Reported by: tibbe Owned by: ezyang
Priority: normal Milestone: 7.2.1
Component: Runtime System Version: 7.0.2
Keywords: Cc: pumpkingod@…, johan.tibell@…, daniel.is.fischer@…
Operating System: Unknown/Multiple Architecture: Unknown/Multiple
Type of failure: None/Unknown Test Case:
Blocked By: Blocking:
Related Tickets: Differential Rev(s):
Wiki Page:

Description

Daniel Peebles's benchmarks show that copying arrays using a indexArray#/writeArray# loop is much slower than using a (new) primop that calls memcpy. In addition, cloning arrays is slower than it need to be due to newArray# filling the array with a default element, just to have all the elements be overwritten by the contents of the array being cloned.

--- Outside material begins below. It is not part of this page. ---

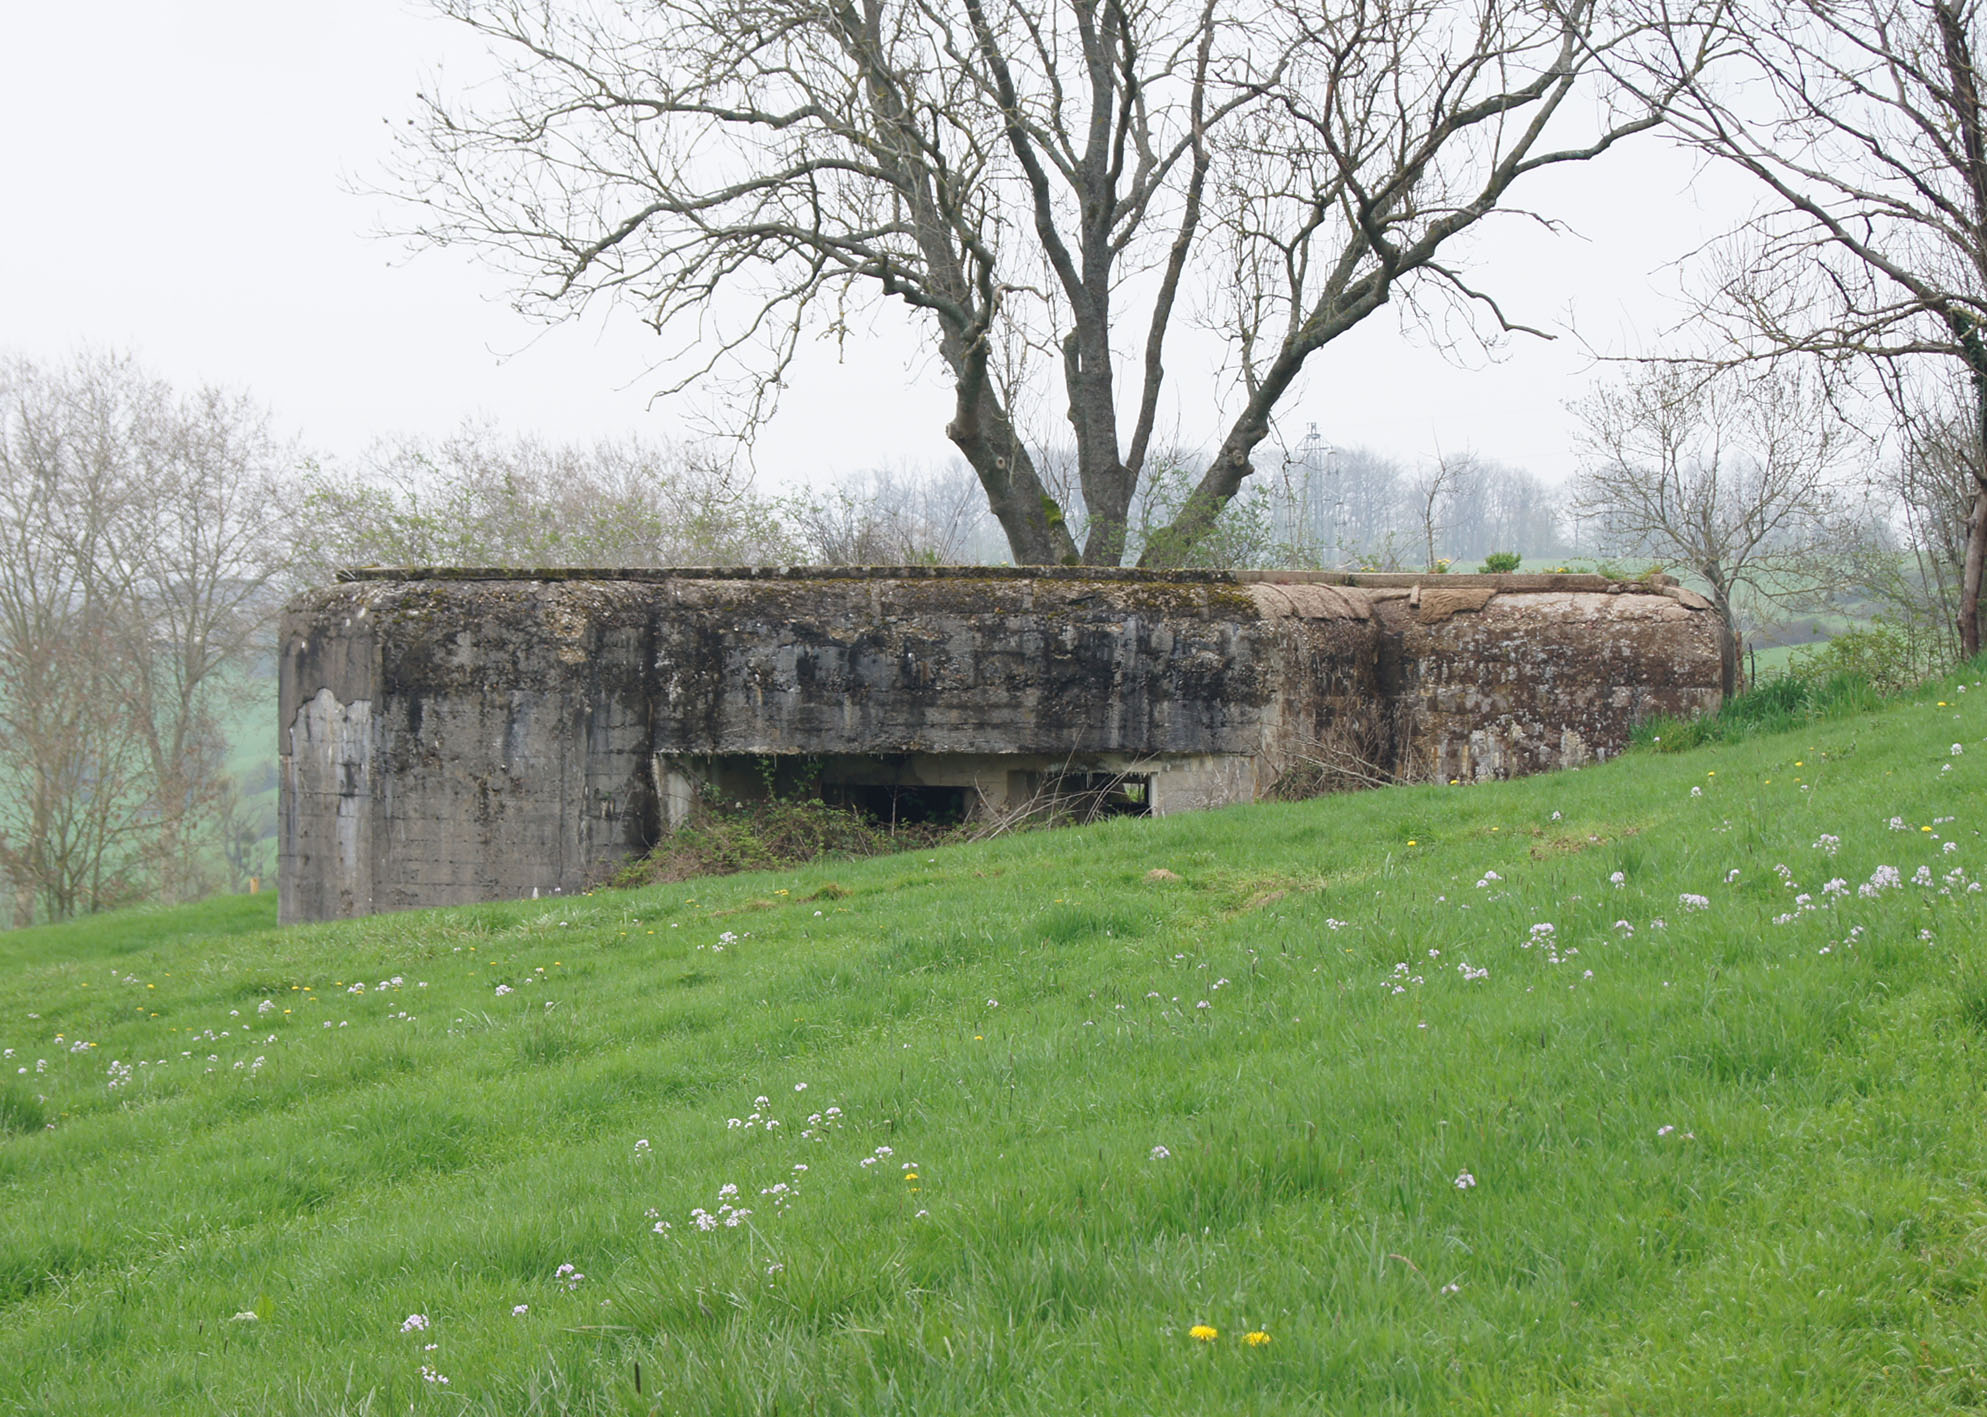 Artillerie-Kasematte auf dem Südufer der Maas bei Sedan

I suggest we add the following primops:

copyArray#        ::        Array# a -> Int# -> MutableArray# s a -> Int# -> Int# -> State# s -> State# s
copyMutableArray# :: MutableArray# a -> Int# -> MutableArray# s a -> Int# -> Int# -> State# s -> State# s

cloneArray#        ::        Array#   a -> Int# -> Int# -> State# s -> (# State# s, Array# a #)
cloneMutableArray# :: MutableArray# s a -> Int# -> Int# -> State# s -> (# State# s, MutableArray# s a #)

freezeArray# :: MutableArray# s a -> Int# -> Int# -> State# s -> (# State# s, Array# a #)
thawArray#   ::        Array#   a -> Int# -> Int# -> State# s -> (# State# s, MutableArray# s a #)

Note that ByteArray# versions can be created using FFI calls to memcpy and thus don't need to be primops.

Attachments (13)

copyclone.dpatch (78.4 KB) - added by pumpkin 9 years ago.
arraycopy.dpatch (85.6 KB) - added by pumpkin 9 years ago.
arraycopy-tests.dpatch (122.6 KB) - added by tibbe 9 years ago.
Tests for primops
arraycopy-complete.dpatch (89.9 KB) - added by tibbe 9 years ago.
Fixed version of arraycopy.dpatch
arraycopy-complete.2.dpatch (93.6 KB) - added by pumpkin 9 years ago.
copyarray-clonearray.dpatch (94.3 KB) - added by pumpkin 9 years ago.
copyarray-clonearray-test.dpatch (124.5 KB) - added by pumpkin 9 years ago.
unitfix.dpatch (96.6 KB) - added by pumpkin 9 years ago.
0001-Add-array-copy-clone-primops.patch (9.7 KB) - added by tibbe 9 years ago.
Squashed and converted to Git
0001-Add-test-for-array-copy-clone-primops.patch (12.0 KB) - added by tibbe 9 years ago.
Squashed and converted to Git
ArrayCopyBench.hs (1.9 KB) - added by tibbe 9 years ago.
0001-Make-assignTemp_-less-pessimistic.patch (1.6 KB) - added by tibbe 9 years ago.
0001-Always-run-cgrun068.patch (3.0 KB) - added by tibbe 9 years ago.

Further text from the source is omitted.